[ASSIGNMENT]
Everything below from the line with "Cleo Lamp - For" through the line with "I love this" must be retyped exactly, except the pictures.

[MATERIAL FOR THIS EXERCISE]

+++

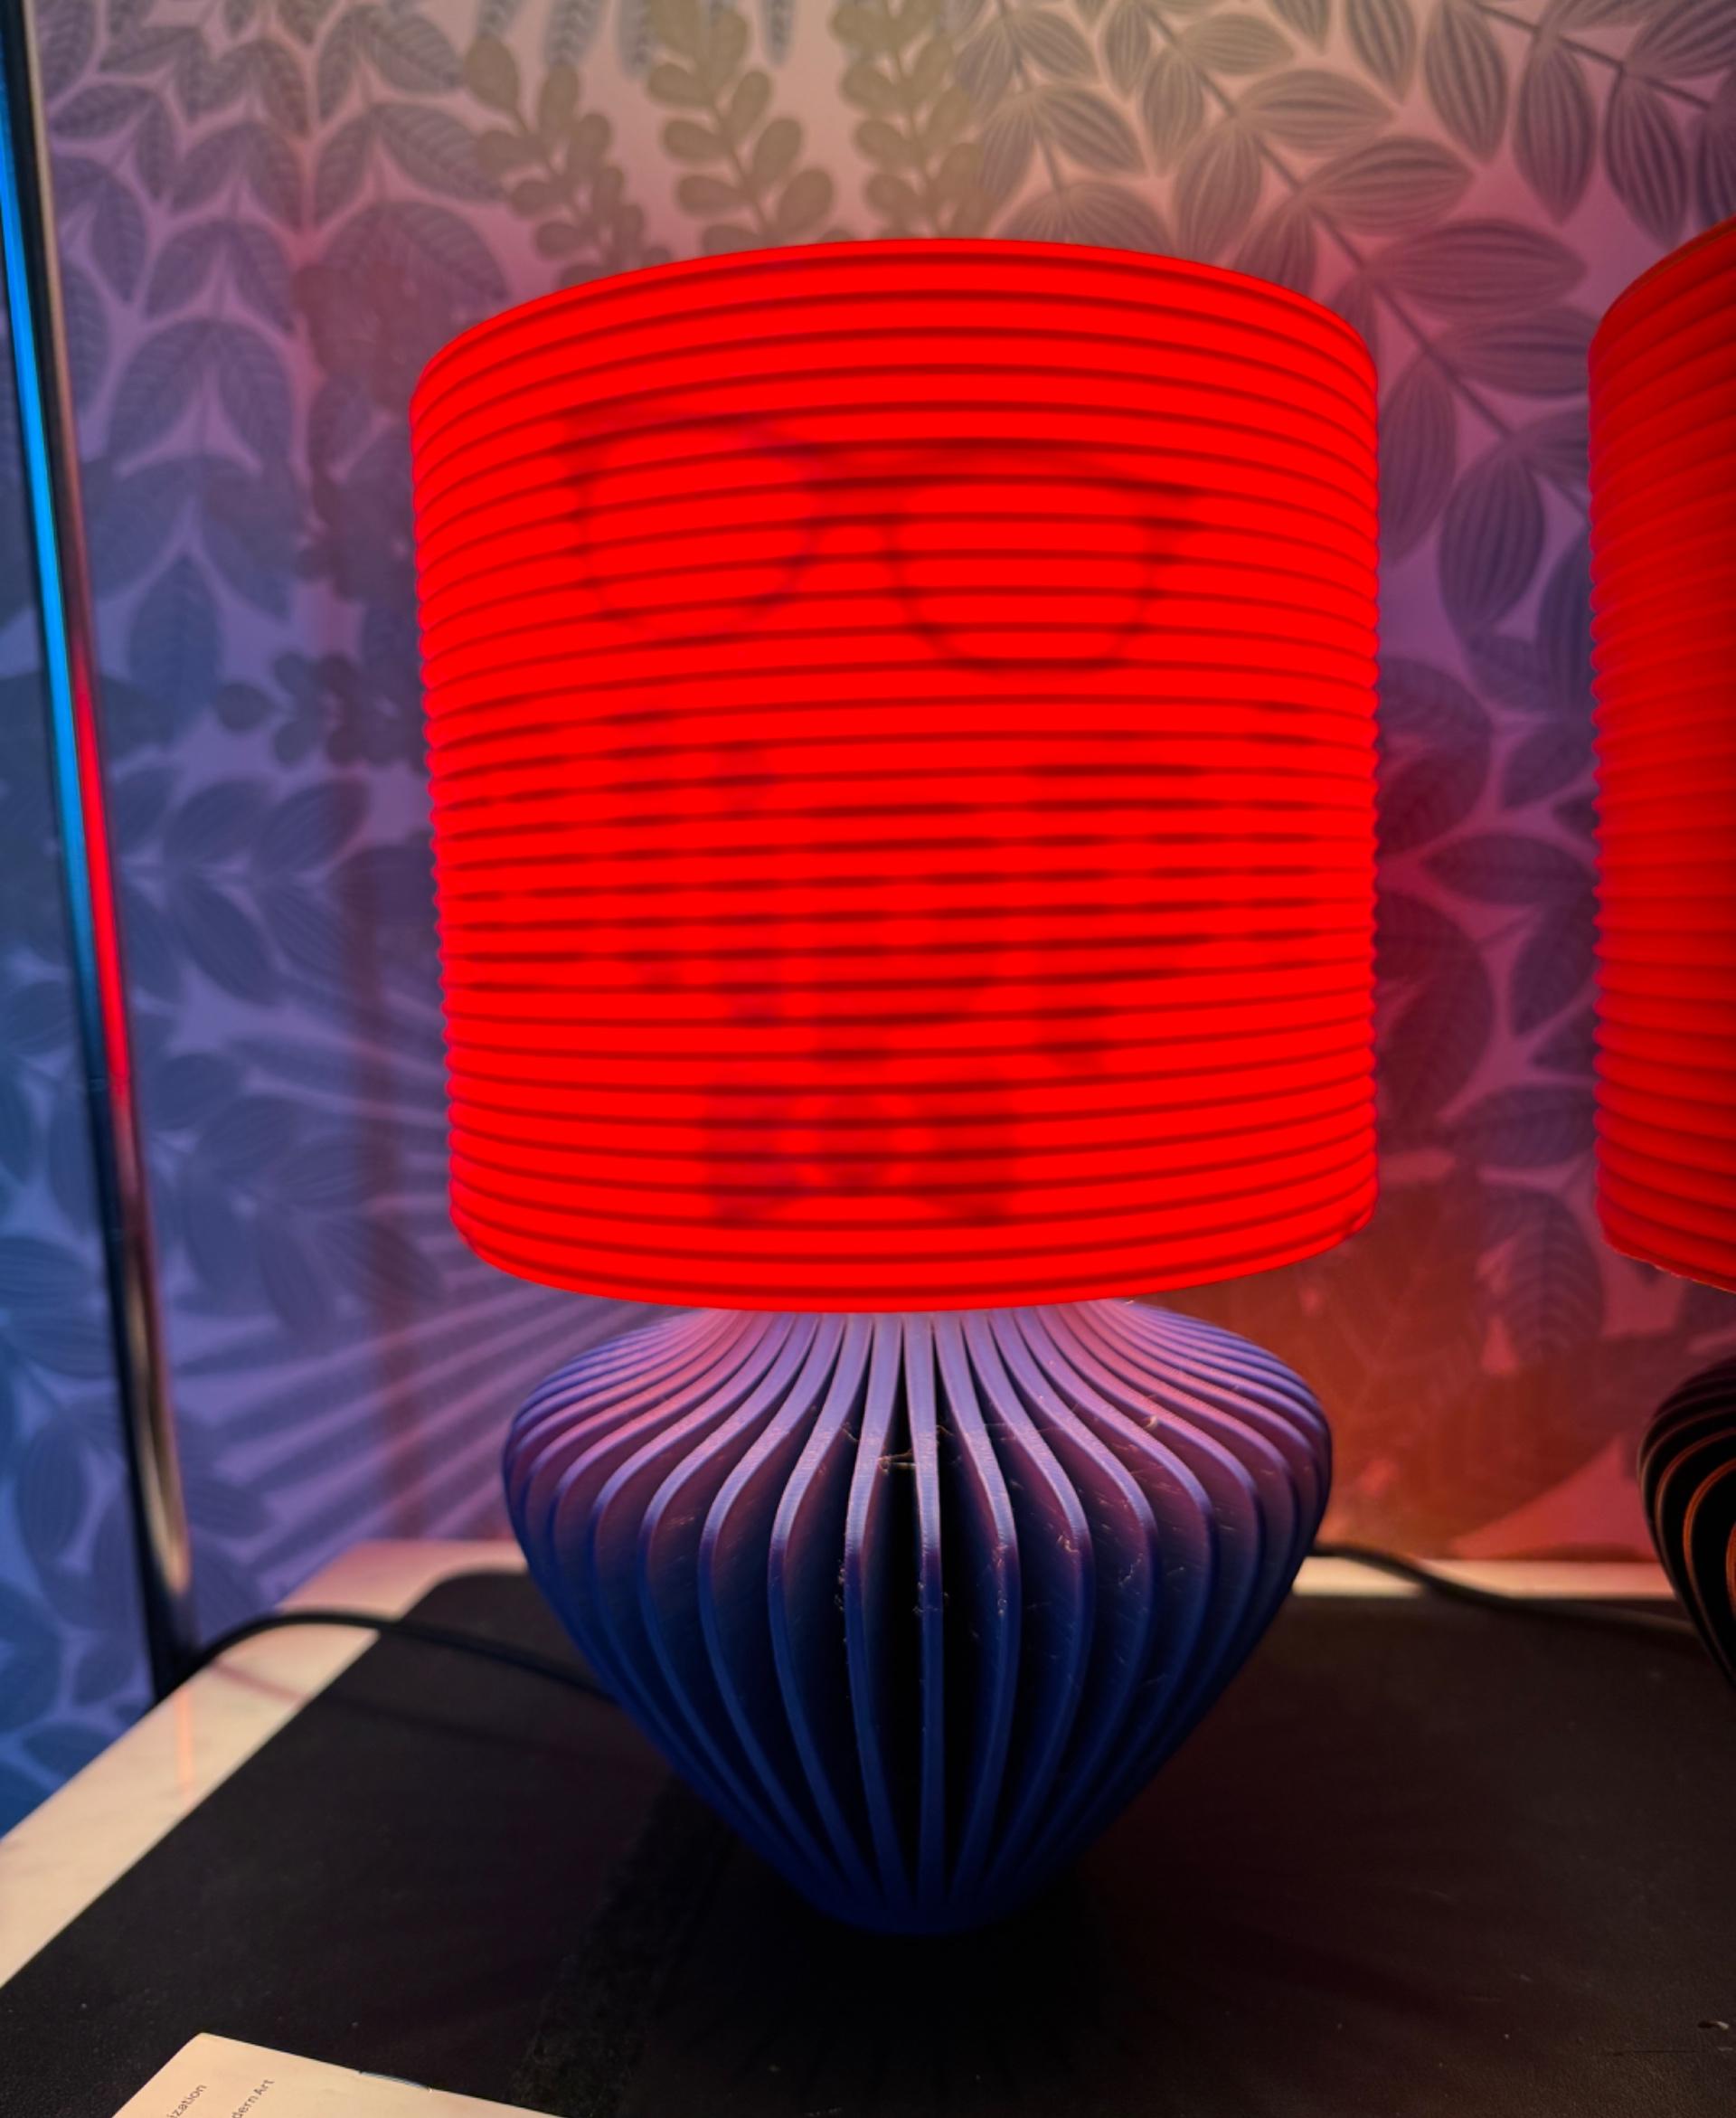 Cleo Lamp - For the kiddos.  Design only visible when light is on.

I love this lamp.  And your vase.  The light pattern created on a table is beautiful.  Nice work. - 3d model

+++

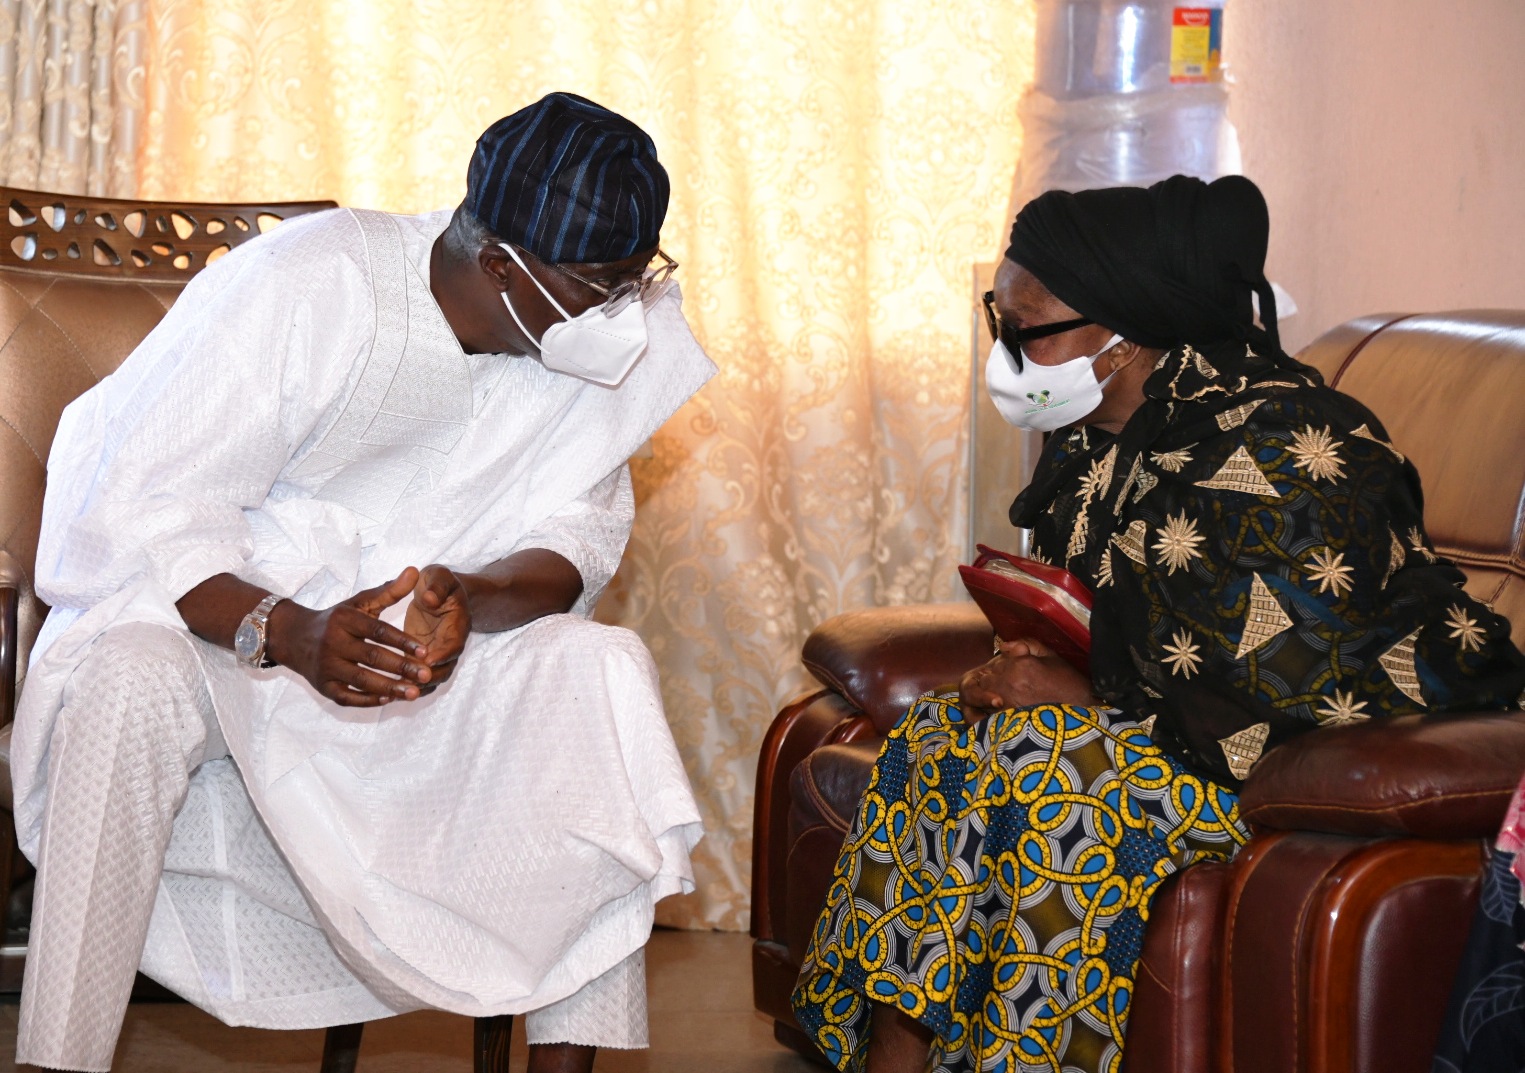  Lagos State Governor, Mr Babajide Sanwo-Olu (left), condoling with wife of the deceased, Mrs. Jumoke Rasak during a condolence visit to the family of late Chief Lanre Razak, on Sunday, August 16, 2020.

+++

[REPLY TO THE TASK]
 Cleo Lamp - For the kiddos.  Design only visible when light is on.

I love this lamp.  And your vase.  The light pattern created on a table is beautiful.  Nice work. - 3d model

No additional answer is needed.